PROMPT
Please reproduce all the data exactly as written and omit the pictures.

SUPPLIED INFORMATION
>>>>

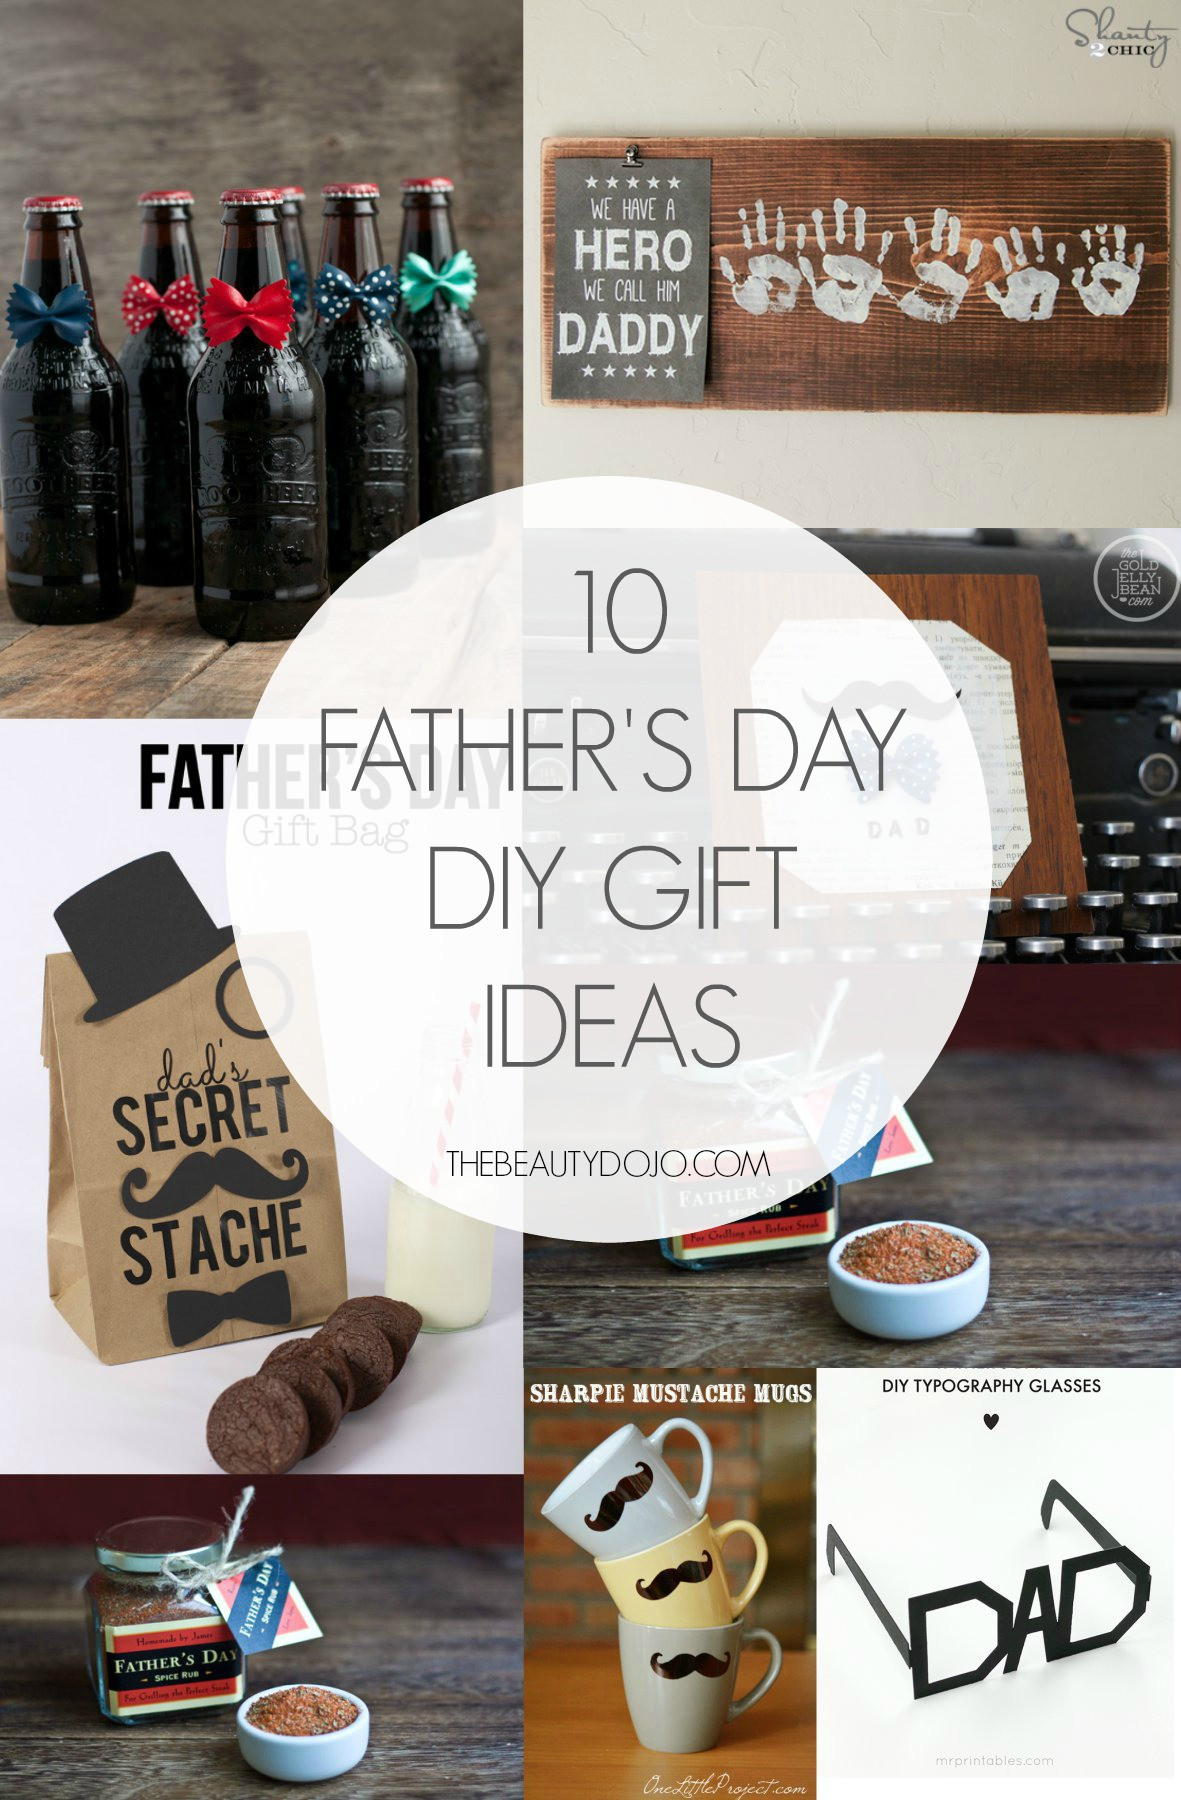 Fathers Day Gifts Diy
 10 Father s Day DIY Gift Ideas The Beautydojo
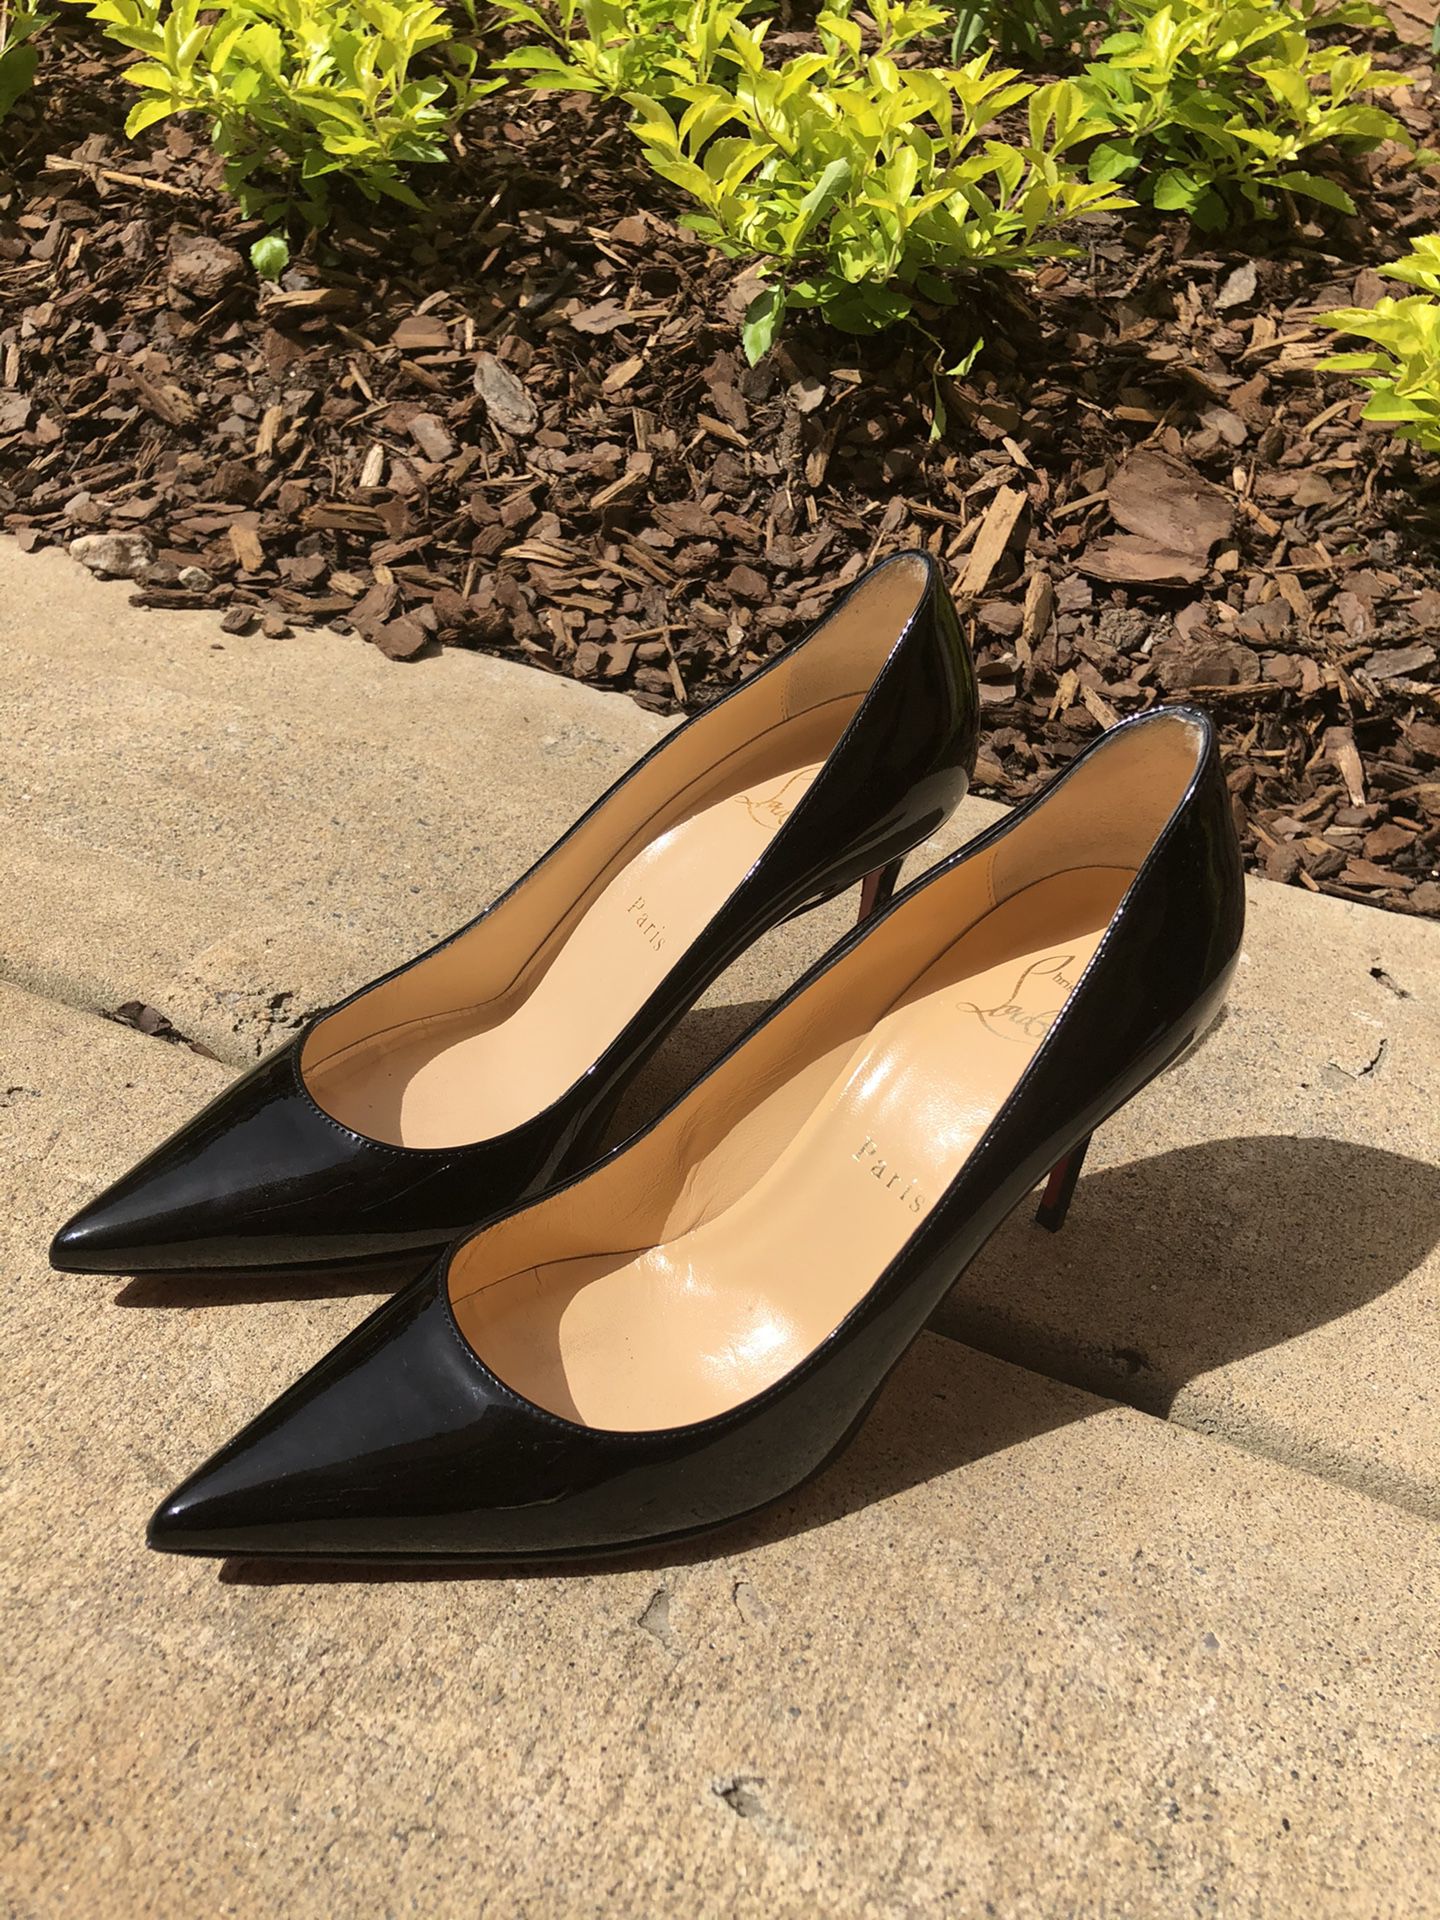 Womens Christian Louboutin New So Kate Size 36 Black Patent Leather Heels 6. Condition is

<<<<

THE COMPLETED TASK
 Fathers Day Gifts Diy
 10 Father s Day DIY Gift Ideas The Beautydojo
 Womens Christian Louboutin New So Kate Size 36 Black Patent Leather Heels 6. Condition is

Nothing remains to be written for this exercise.